## Records from a data source
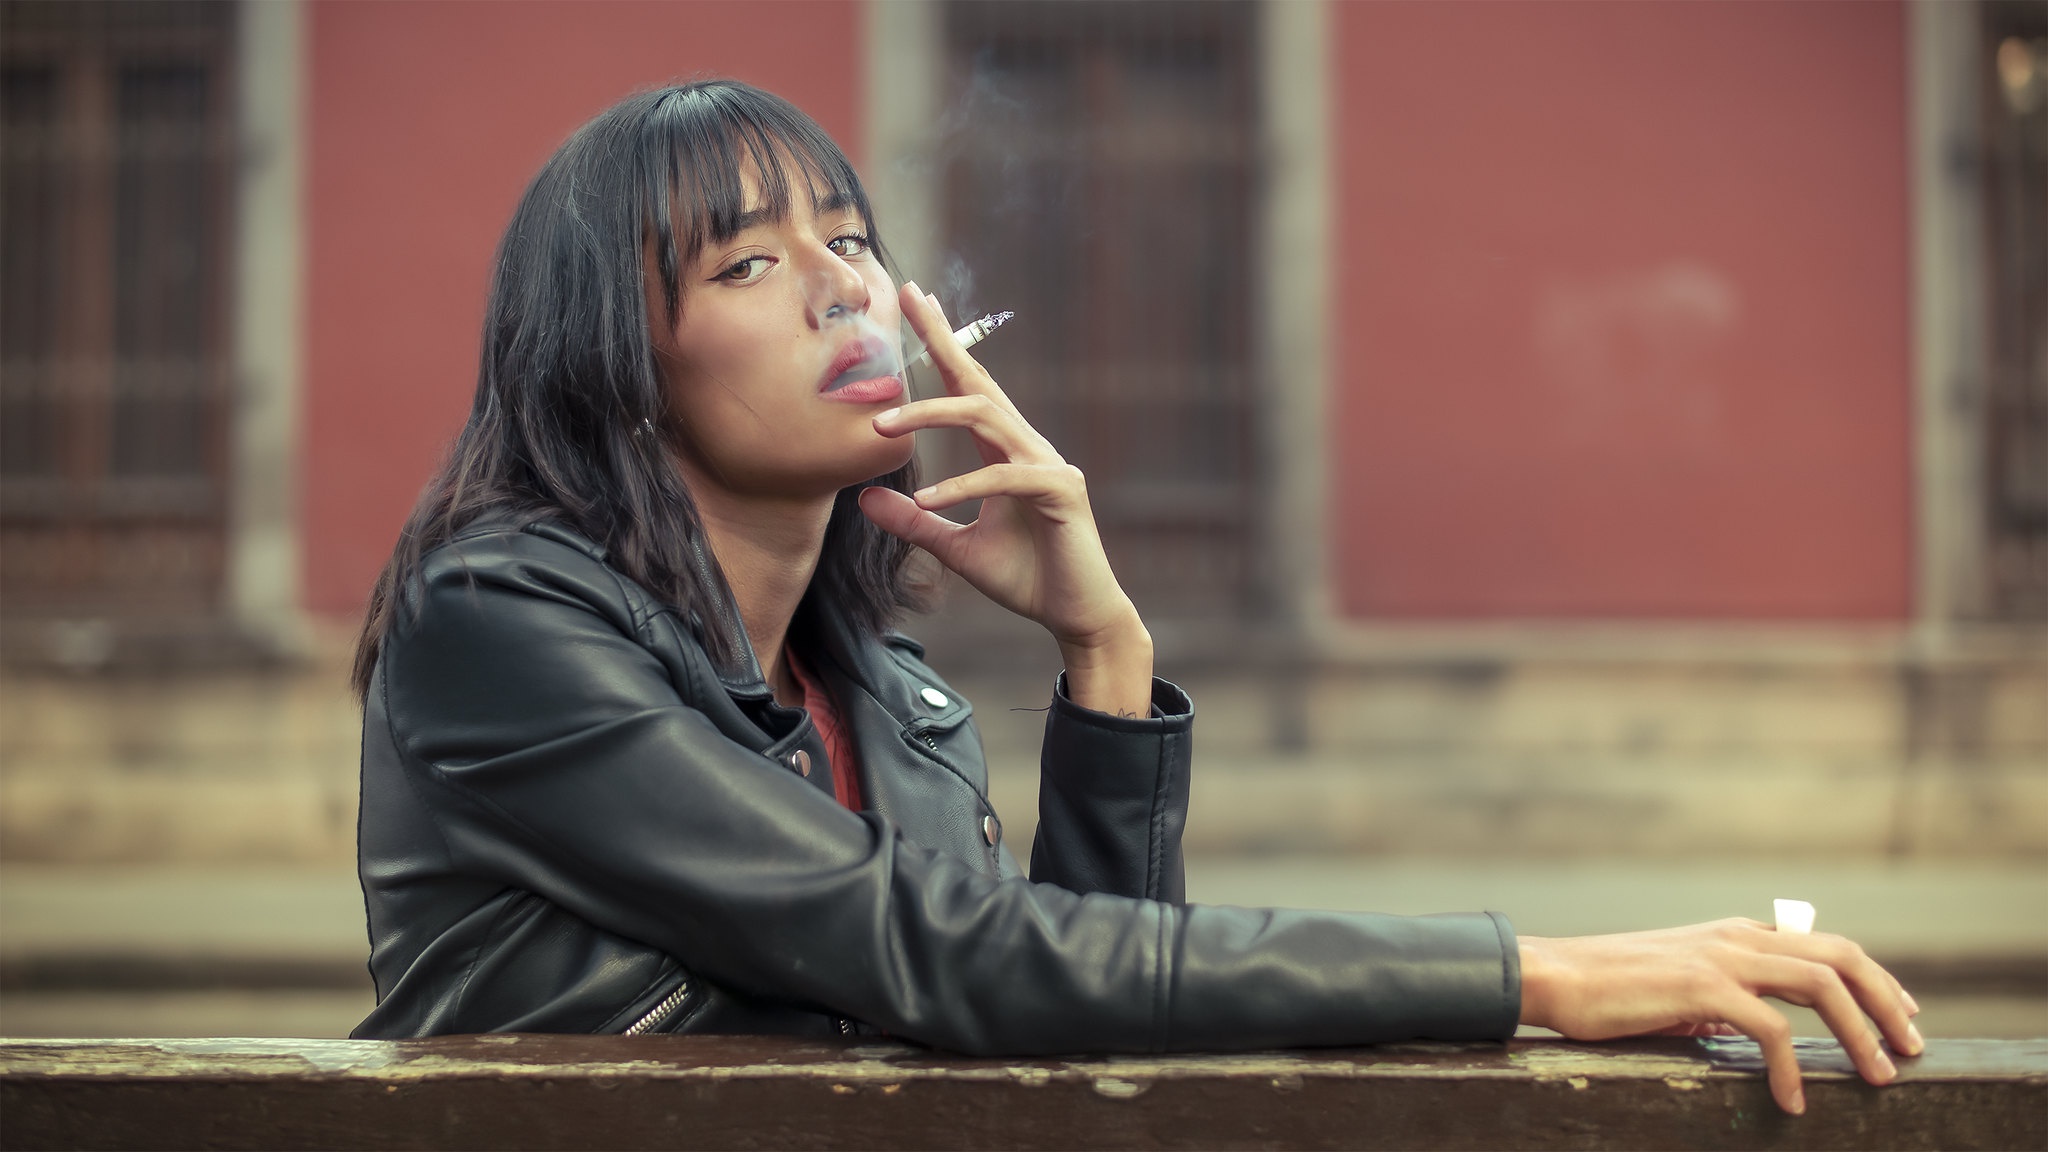 Model Smoking Women Looking At Viewer Leather Jackets Cigarettes Women Outdoors Black Hair Brunette 2048x1152
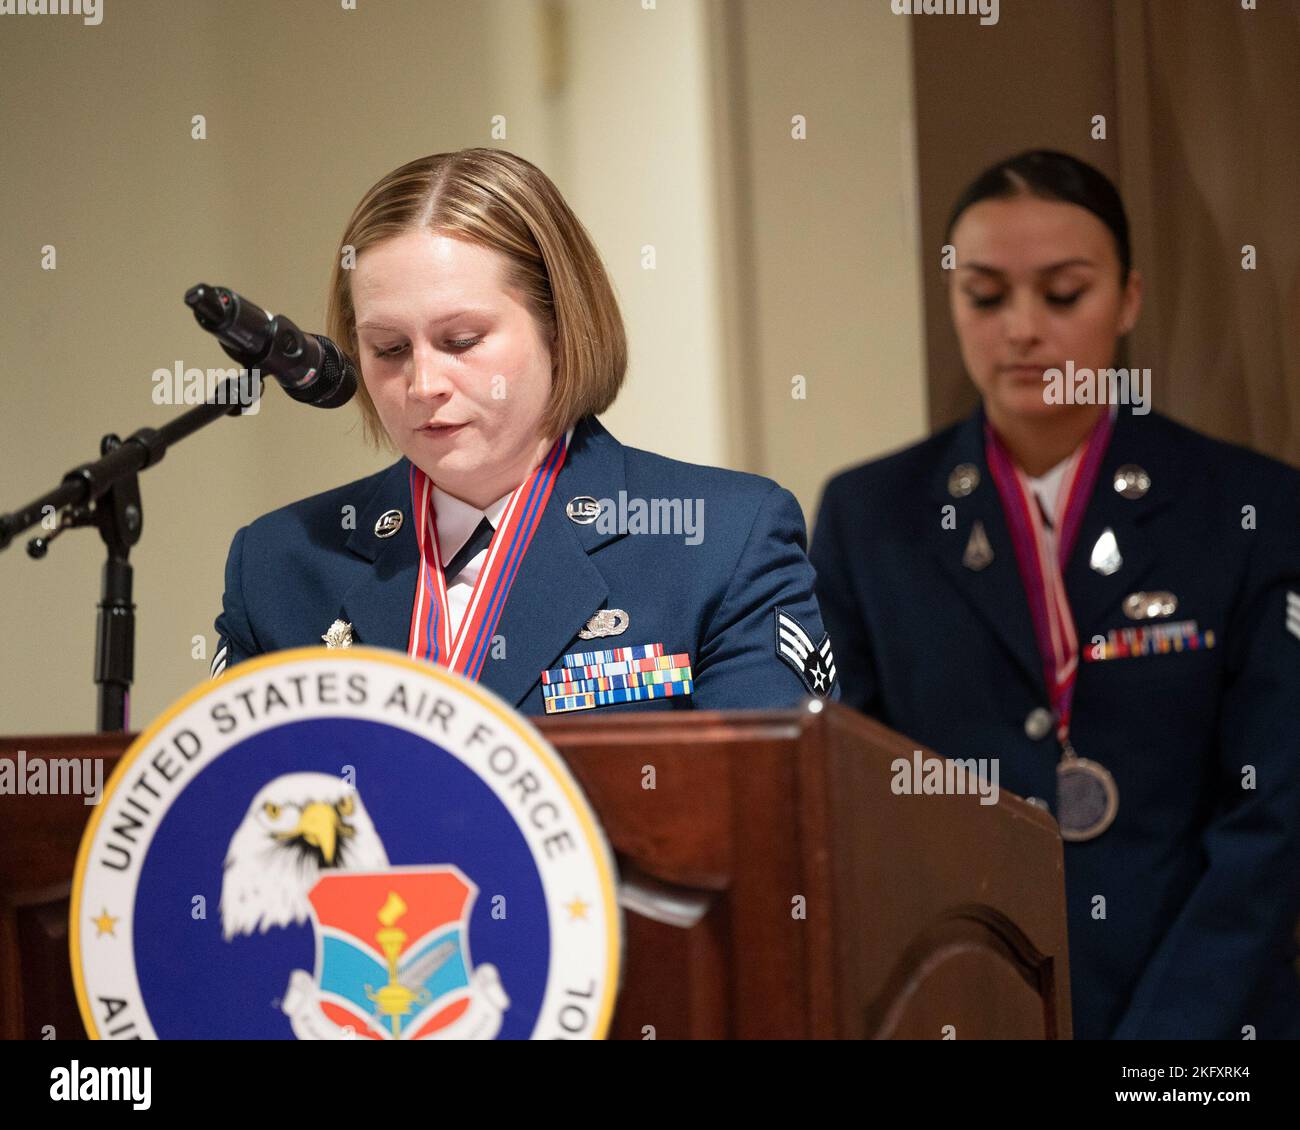 U.S. Air Force Senior Airman Nicolette Folck gives the benediction while U.S. Space Force Specialist 4 Monica Cisineros bows her head at the conclusion of  Grace A. Peterson Airman Leadership School class 22-G Oct. 13, 2022, at Wright-Patterson Air Force Base, Ohio. ALS is required for senior airmen selected for staff sergeant to teach them about leadership and Air Force culture and is open to eligible civilians. Stock Photo
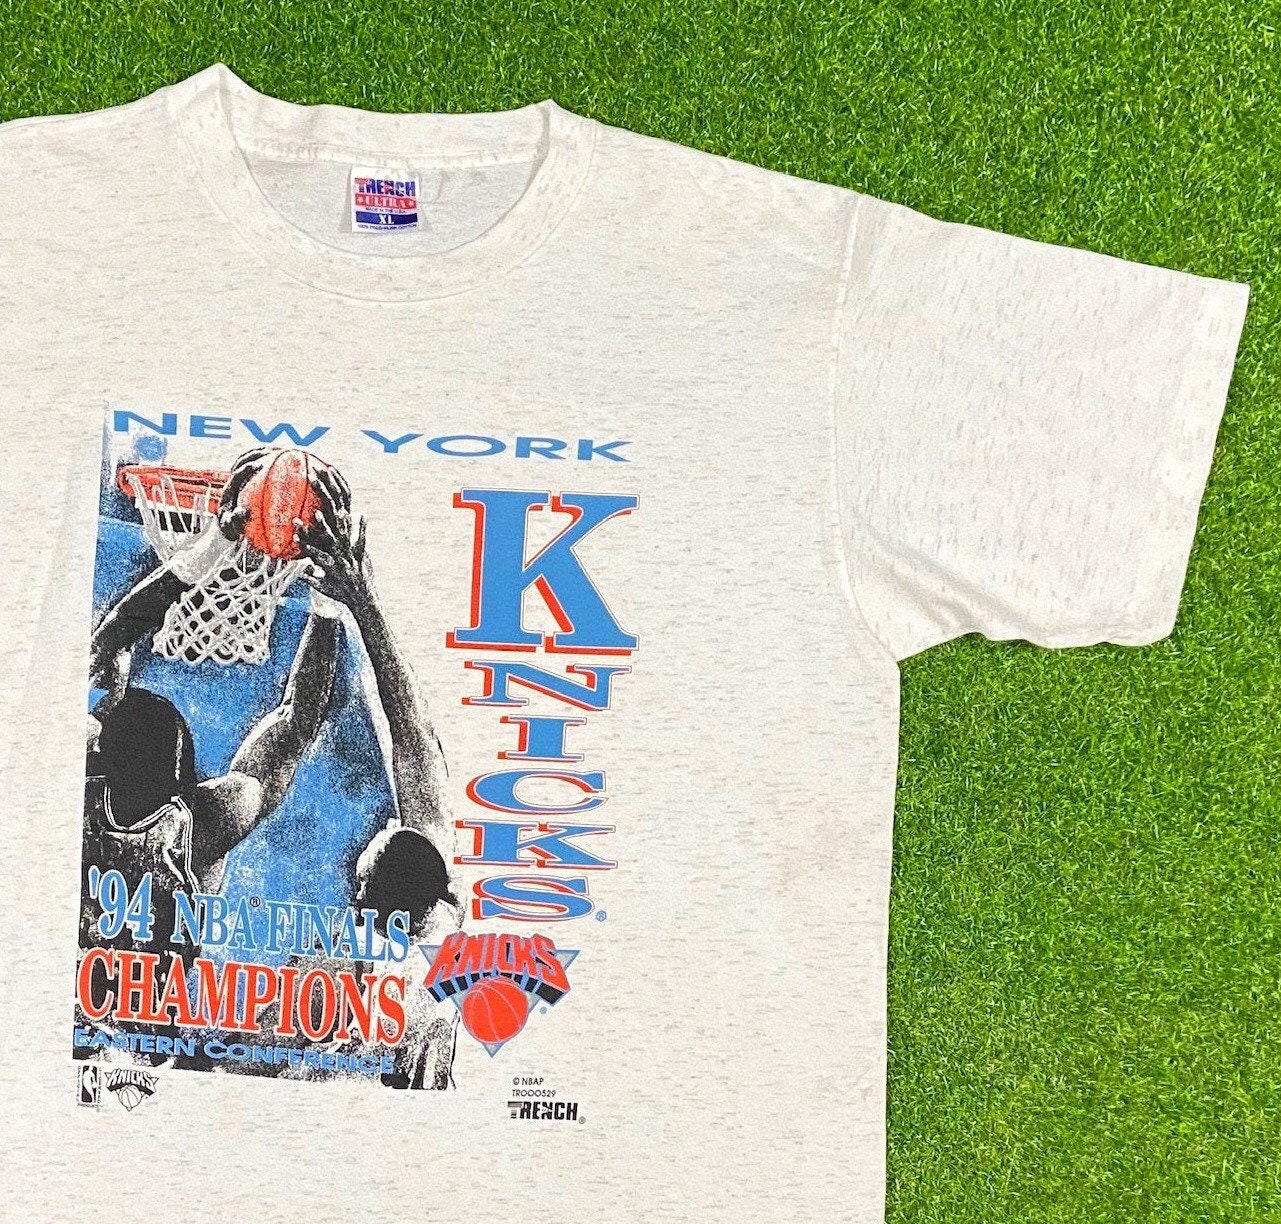 Vintage 90s New York Knicks Eastern Conference Champions 
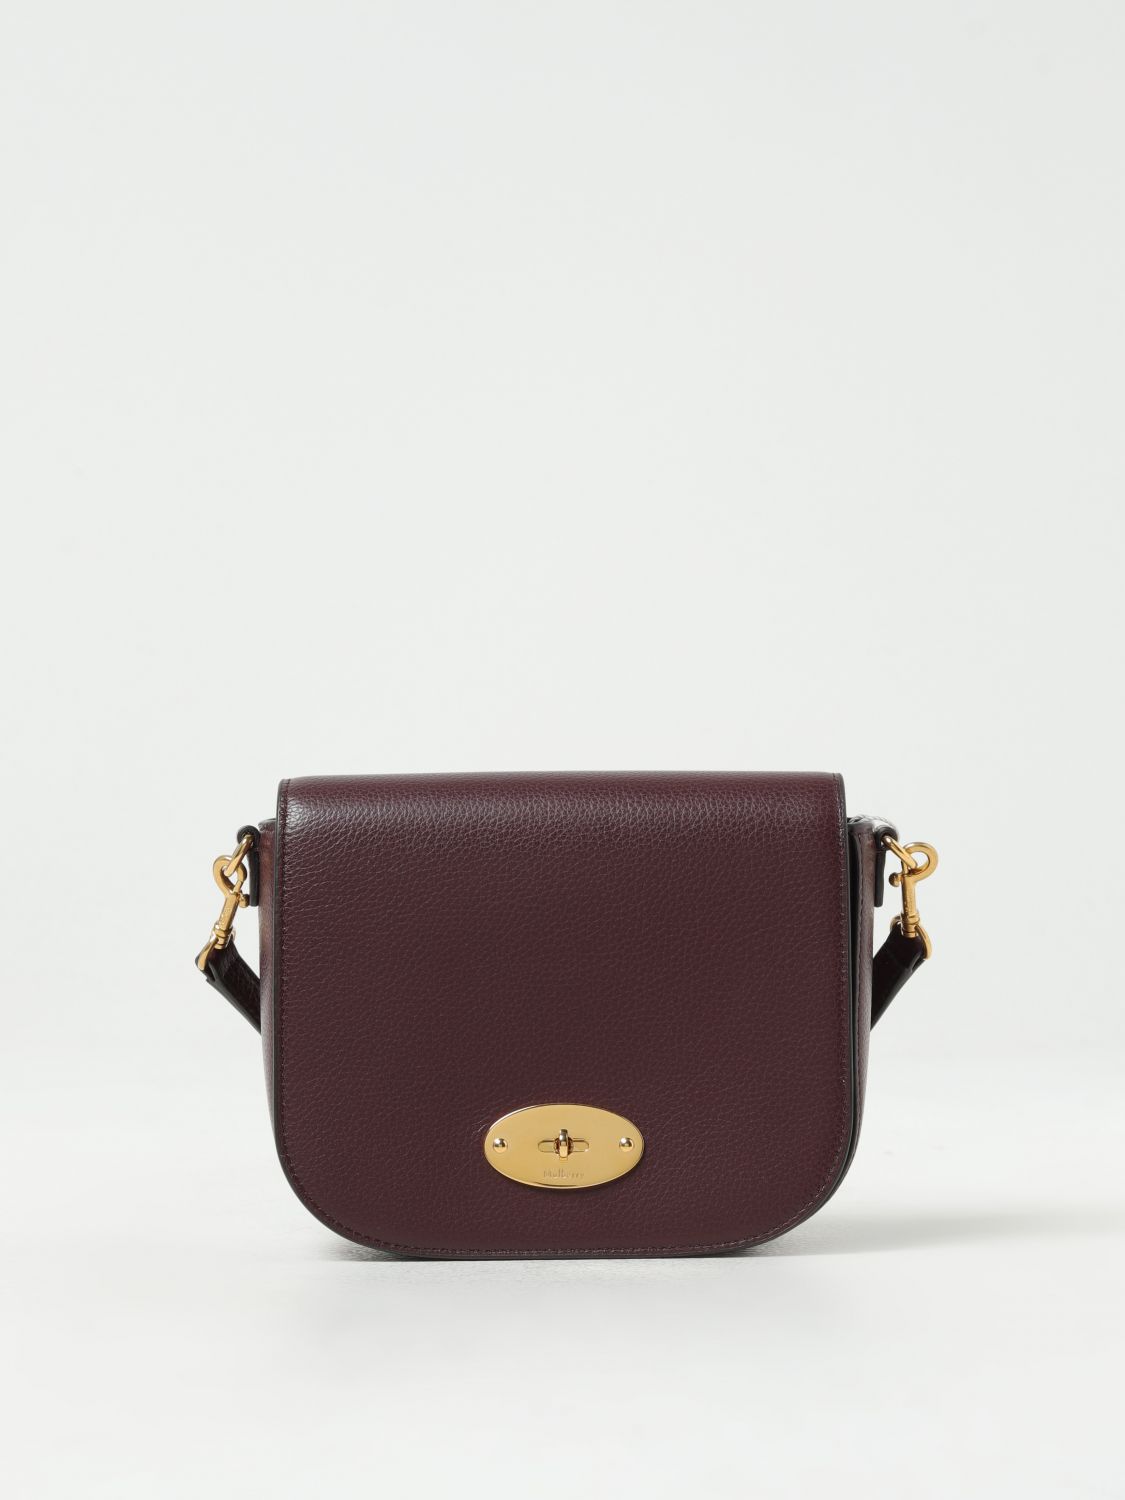 Women's Grained Leather Small Darley Satchel Bag by Mulberry | Coltorti  Boutique
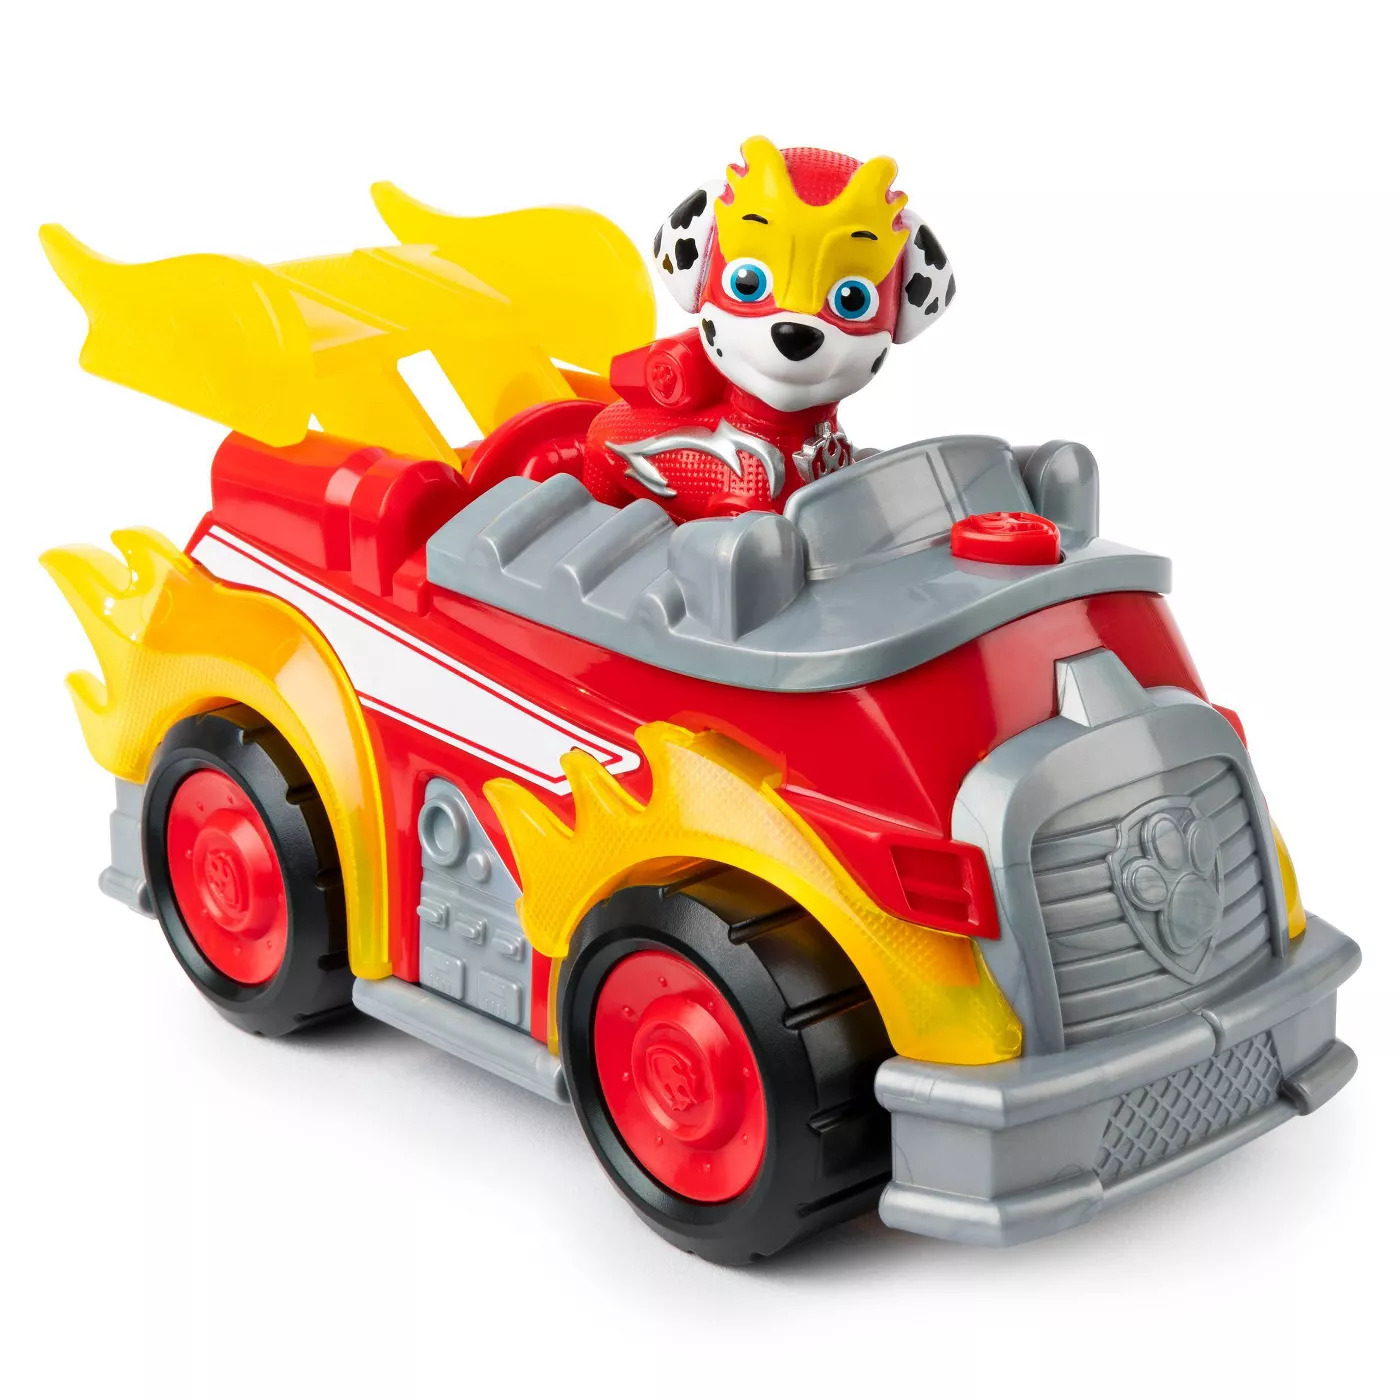 Paw Patrol Mighty Pups Super Paw Marshall Deluxe Vehicle

## ASSIGNMENT
Copy exactly, and copy nothing else: the lines from the one containing "Vintage 90s New" through the end of the data, both ends included, with pictures left out.

## RESULT OF THE EXERCISE
 Vintage 90s New York Knicks Eastern Conference Champions 
 Women's Grained Leather Small Darley Satchel Bag by Mulberry | Coltorti  Boutique
 Paw Patrol Mighty Pups Super Paw Marshall Deluxe Vehicle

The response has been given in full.